PARTE II – OS GRANDES TEMAS DA SÉRIE

5.1 Reflexividade, autogestão e o culto da performance

Ao analisar as consequências da modernidade, Giddens (1993) defende que o principal traço da nossa época consiste no alto dinamismo da sociedade, pois a velocidade da mudança social supera a de qualquer sistema anterior. Além disso, a dimensão e a profundidade das transformações afetam as práticas sociais e modos de comportamento como nunca se processou em outra época. Como causas desse dinamismo, o sociólogo indica três aspectos: (I) a separação de tempo e espaço, como condição para interações sociais em longos intervalos de espaço-tempo, incluindo sistemas globais; (II) o desencaixe das relações sociais dos contextos locais pelo qual elas se dissociam dos seus lugares específicos; e (III) a

reflexividade indiscriminada, que extrapola a “monitoração reflexiva da ação” (GIDDENS, 1991, p. 47) das atividades humanas em geral para implicar numa reflexão e revisão infindáveis, que muito interessa na análise da série na qual o “eu” é construído e reconstruído reflexivamente a partir do surgimento de novos mecanismos de autoidentificação.

Com isso, o caráter reflexivo da modernidade ganha contornos próprios e incentiva o culto da especialização, principalmente no que diz respeito ao autoquestionamento e à descoberta de si.

Os novos especialistas são parte integrante da cultura terapêutica do narcisismo. Surgiu um “novo paternalismo” em que os especialistas de todos os tipos oficiam para as necessidades da população leiga. Muitas formas modernas de especialização não derivam do atendimento a necessidades genuinamente experimentadas; em boa parte os novos especialistas inventaram as necessidades que afirmam satisfazer. A dependência dos especialistas torna-se um modo de vida. (GIDDENS, 2002, p. 160-161). Como declara o sociólogo, o desenvolvimento da reflexividade como componente intrínseco da modernidade está nitidamente associado ao surgimento e ao crescimento de tipos de terapia e de orientações, como manuais de autoajuda, que buscam trazer para os indivíduos a segurança e o esclarecimento que muitos deles não encontram na religião e nas instituições, como acontecia em sociedades tradicionais.

Diante da vastidão de informações disponíveis e acessíveis por meio dos especialistas, o sujeito se interroga a todo momento em um processo reflexivo nunca finalizado, em permanente estado de construção. Assim, há uma busca em construir narrativas biográficas coerentes e organizadas, exigindo constantes interpretações e decisões acerca de como viver, como agir e sobre quem ser: “viver cada momento reflexivamente é uma questão de intensificar a consciência dos pensamentos, sentimentos e sensações corporais” (GIDDENS, 2002, p. 71).

Tal quadro se associa à promoção da ideia de gerenciamento, advinda da lógica de mercado, que ganha centralidade na economia contemporânea, invadindo todas as esferas sociais.
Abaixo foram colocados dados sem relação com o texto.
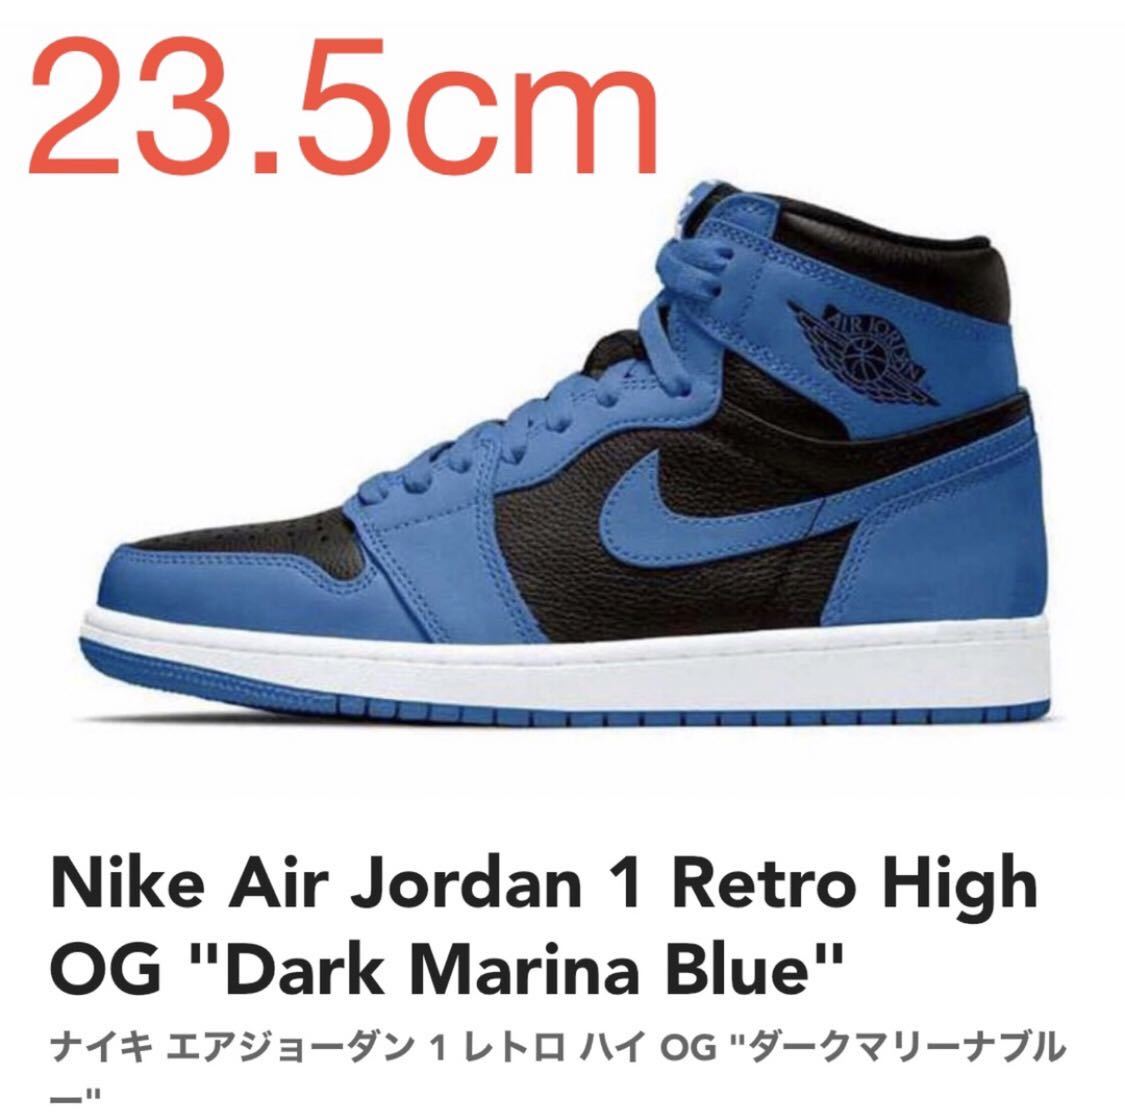 Nike AJ1 High OG Dark Marina Blue ナイキ エアジョーダン 1 レトロ ハイ OG ダークマリーナブルー 555088-404 23.5cm US5 新品

Como esclarece Joel Birman (2010), na nova ordem neoliberal, o Estado perde posição de regulador do espaço social diante da fragilidade das instituições, e o mercado emerge como suporte adequado para apresentar modos de construção da individualidade a partir de “receitas” de bem viver.

Com isso, cada indivíduo precisa administrar a própria vida como gestor a fim de obter sucesso, que pode ser alcançado – única e exclusivamente – como resultado da atitude perseverante e engajada de cada sujeito. Difunde-se, dessa maneira, um imaginário que incentiva a superação contínua no culto da performance (EHRENBERG, 2010), pelo qual o

paradigma da eficácia, até então localizado na esfera do trabalho e do esporte, é transposto para a vida pessoal, incentivando a autossuperação. Trata-se de:

[...] uma doutrina ou de uma utopia de autorrealização que dinamiza o individualismo contemporâneo, dando alento moral a novas formas de concorrência e de diferenciação social. O desejo de ser mais – desafiando e superando, sem trégua, os próprios limites – cativa o imaginário contemporâneo, mobilizando energias psíquicas, anseios narcísicos de reconhecimento e fantasias de onipotência. (FREIRE FILHO, 2011, p. 37). Assim, assistimos à proliferação de aconselhamentos e orientações por meio de reportagens, programas de televisão, além de livros, treinamentos e cursos que, ancorados na reflexividade, estimulam a responsabilidade individual na condução da vida para alcançar as metas.

Conforme investiga José Luiz Aidar Prado (2013), a convocação à transformação de si se manifesta em um querer cultural e reverbera nos dispositivos comunicacionais por meio dos discursos modalizadores, isto é, aqueles que buscam promover uma atitude, incitada pelos verbos modais (poder, querer, fazer, dever, ser). Assim, “as modalizações biopolíticas se referem a projetos de boa vida a partir de modalizações dos analistas simbólicos, entre os quais jornalistas, médicos e psicólogos” (PRADO, 2013, p. 26), que correspondem aos especialistas analisados por Giddens (2002). Denominando a contemporaneidade de “era das convocações”, diante do vasto poder midiático e da força modalizadora do seu discurso, Prado (2013) destaca que os enunciadores das máquinas comunicacionais convocam os sujeitos à construção de uma vida esperada, com o apoio dos especialistas: “Os enunciadores mediáticos, do marketing e da publicidade são sujeitos-supostos-sabedores que convocam os receptores a uma experiência, fornecendo os saberes, na forma de mapas e receitas modalizadoras para as ações, homólogas aos livros de autoajuda” (PRADO, 2013, p. 30).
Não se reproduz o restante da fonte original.